### What is required
From the entries below, write out exactly the lines between the line holding "Výuková sestava pro" and the line holding "AKA 70th Boule Mugs - Limited Edition", inclusive, excluding any pictures.

### The data
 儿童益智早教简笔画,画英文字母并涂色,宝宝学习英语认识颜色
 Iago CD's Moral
---
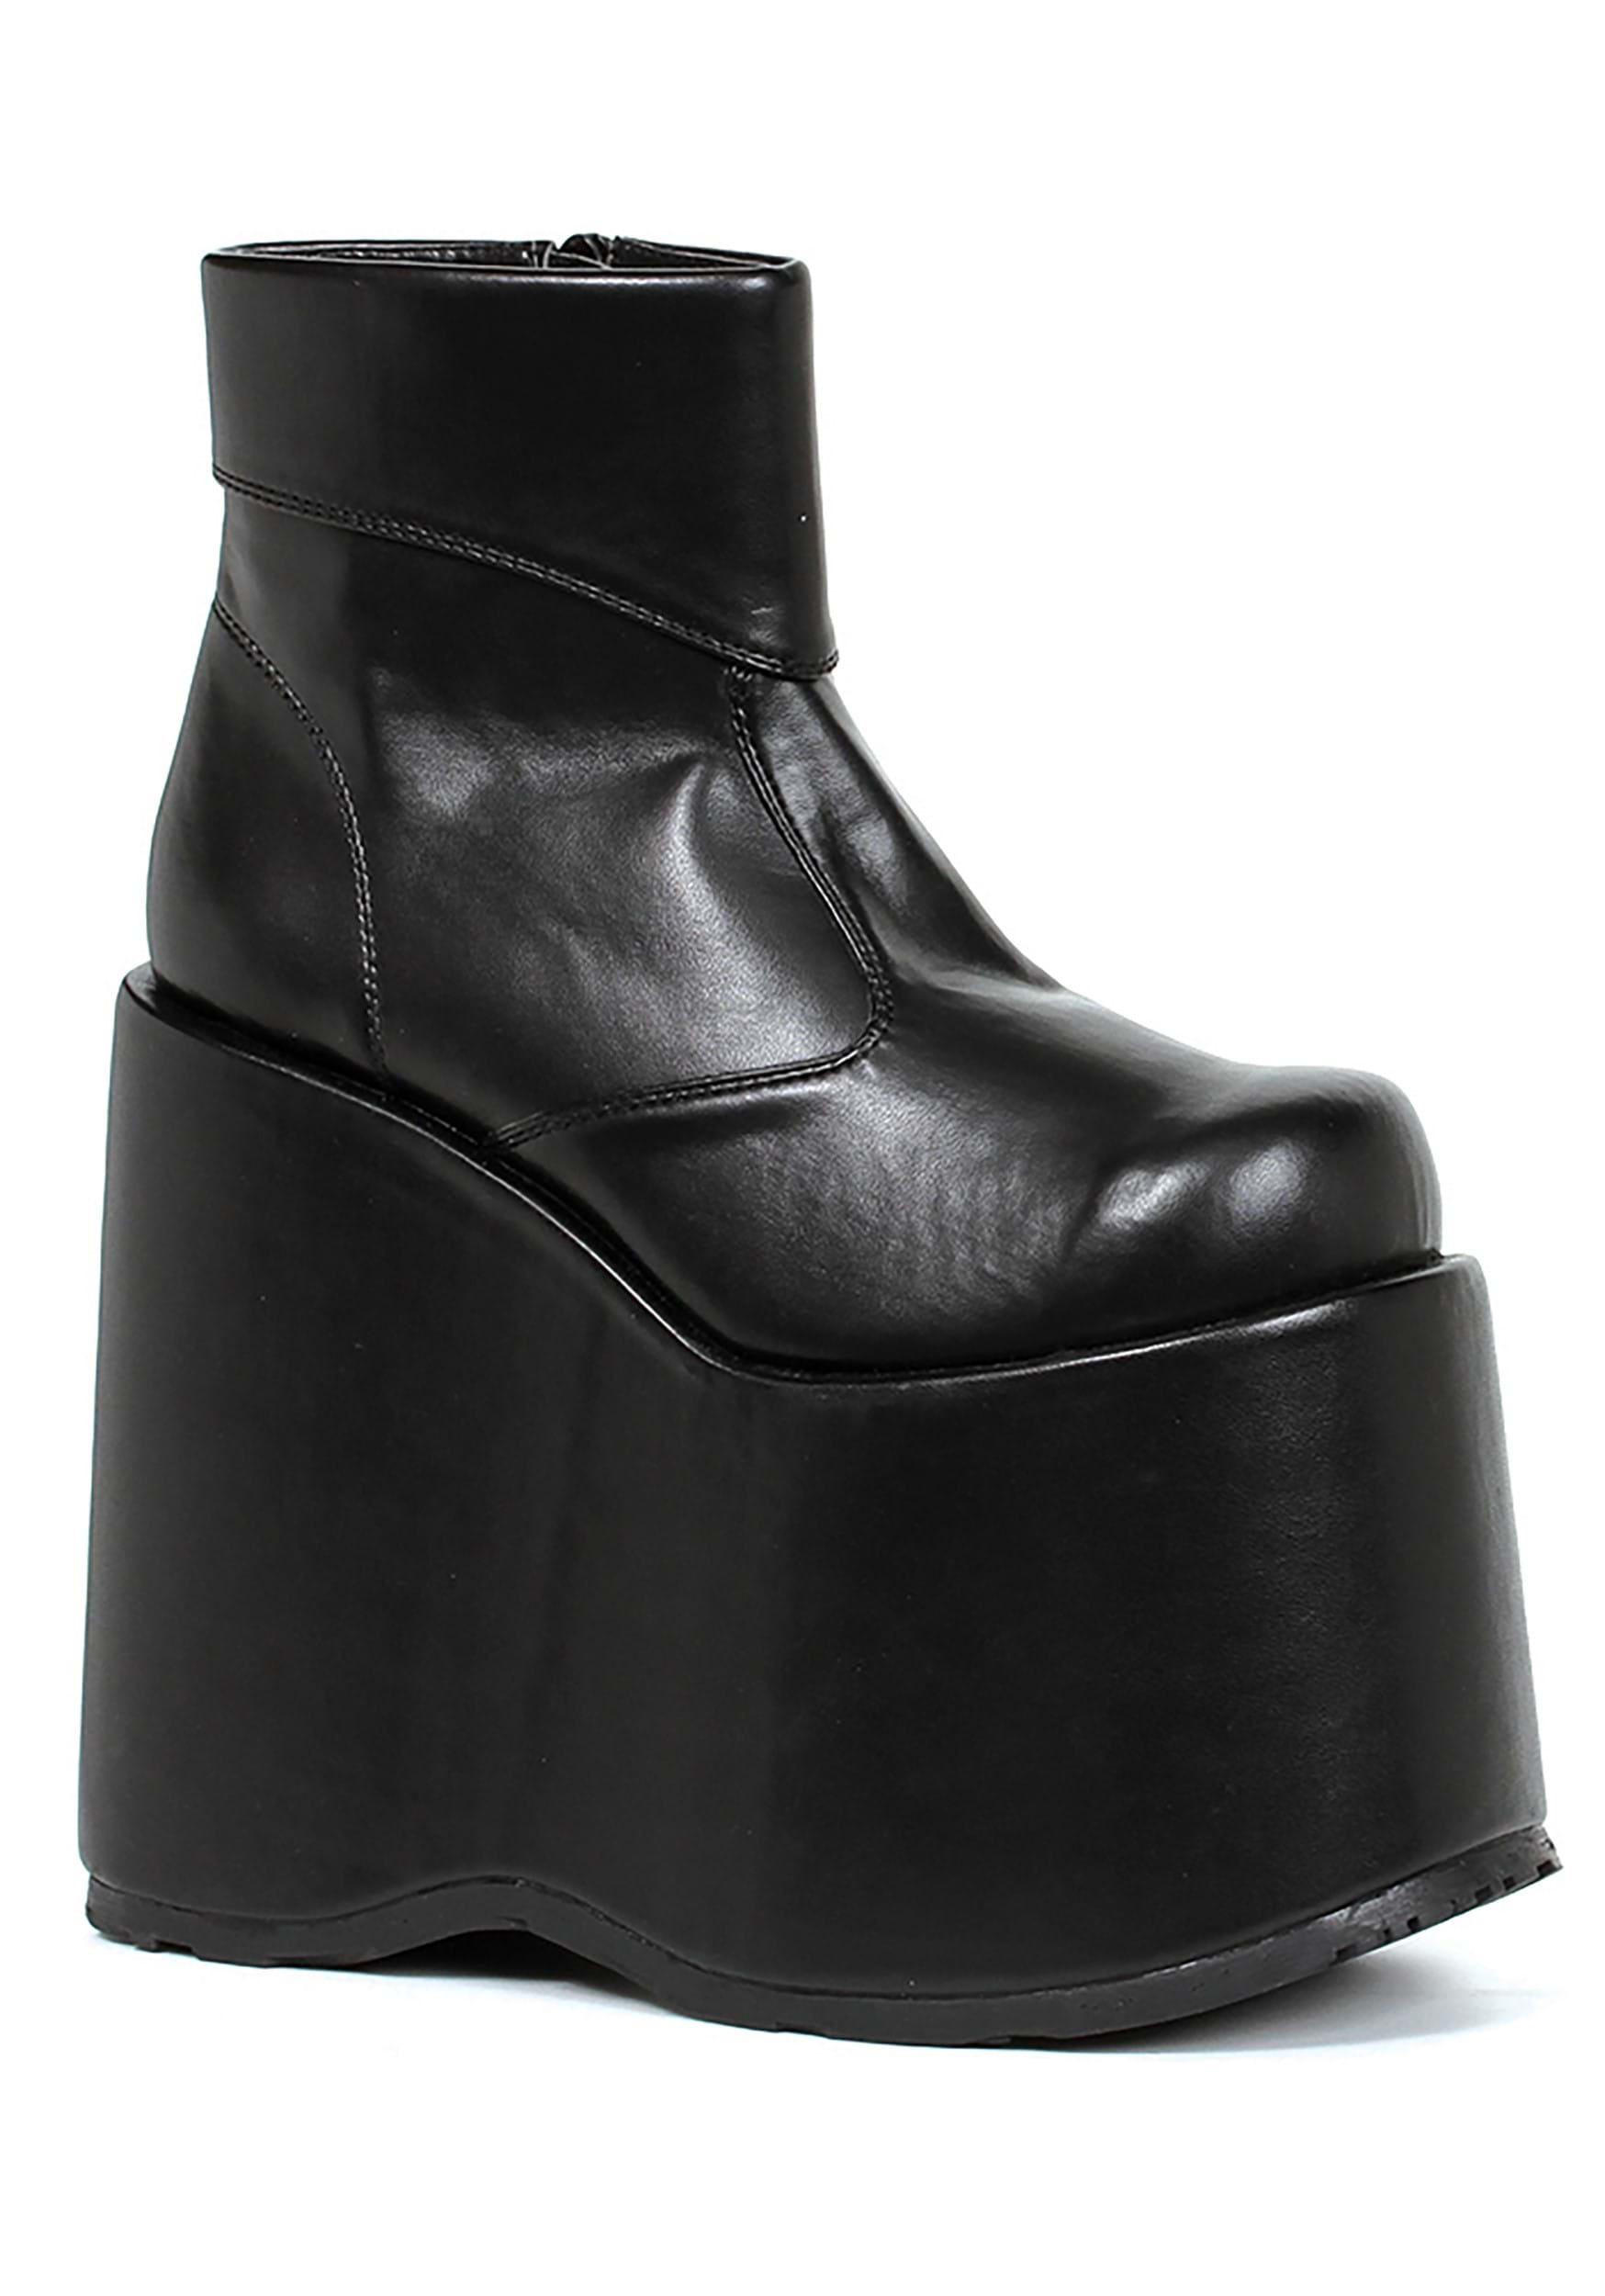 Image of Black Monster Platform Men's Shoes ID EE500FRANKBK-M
==
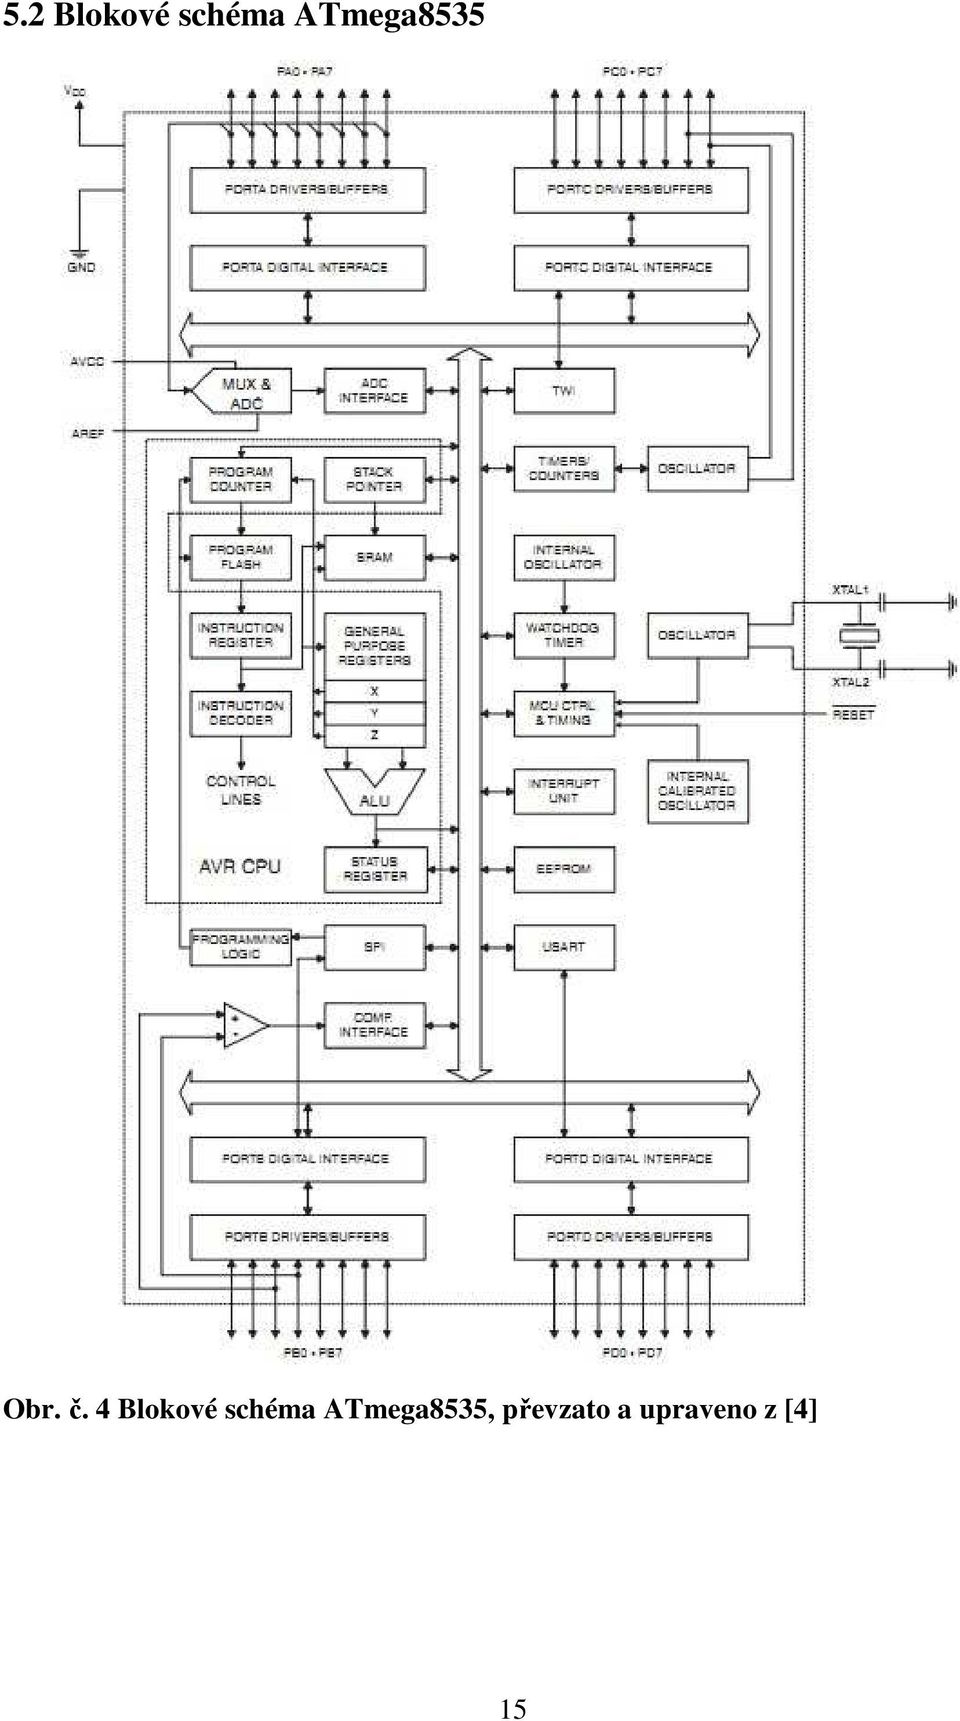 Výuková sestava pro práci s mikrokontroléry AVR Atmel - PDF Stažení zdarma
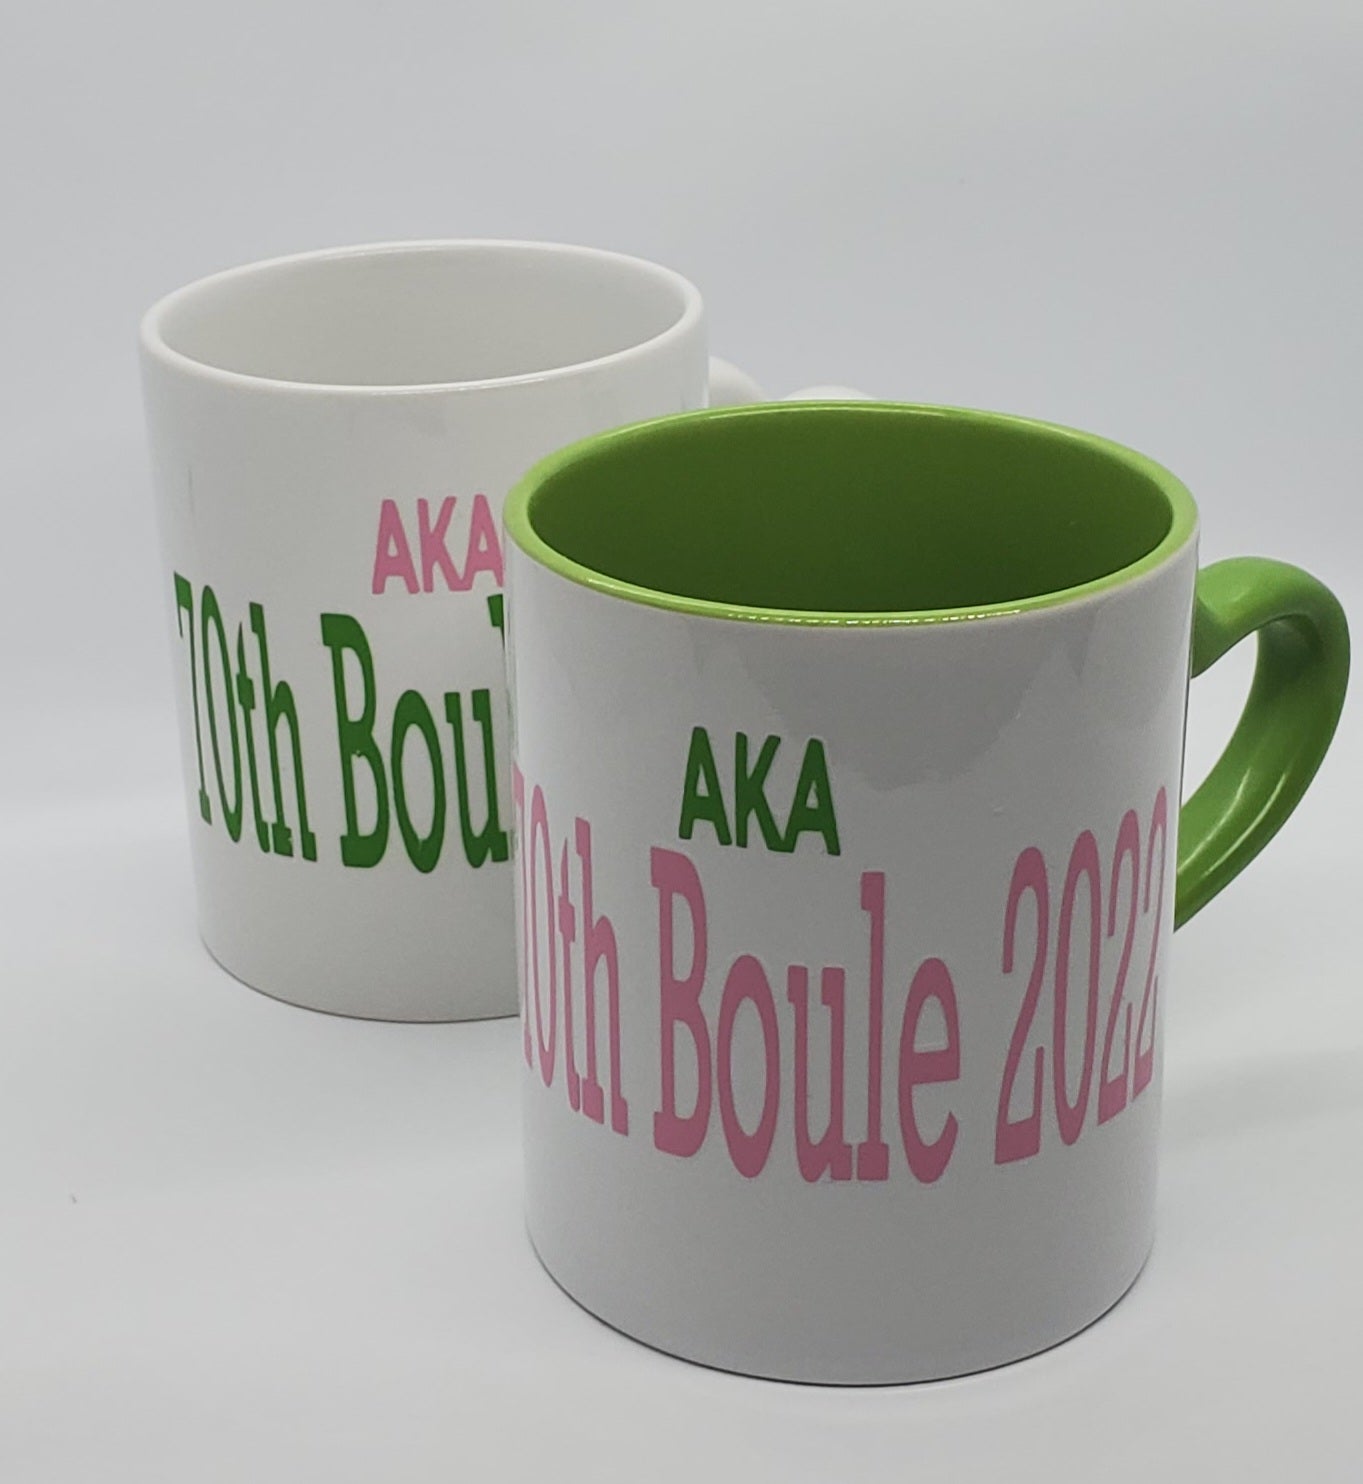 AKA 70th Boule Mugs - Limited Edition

### Result for this task
 Výuková sestava pro práci s mikrokontroléry AVR Atmel - PDF Stažení zdarma
 AKA 70th Boule Mugs - Limited Edition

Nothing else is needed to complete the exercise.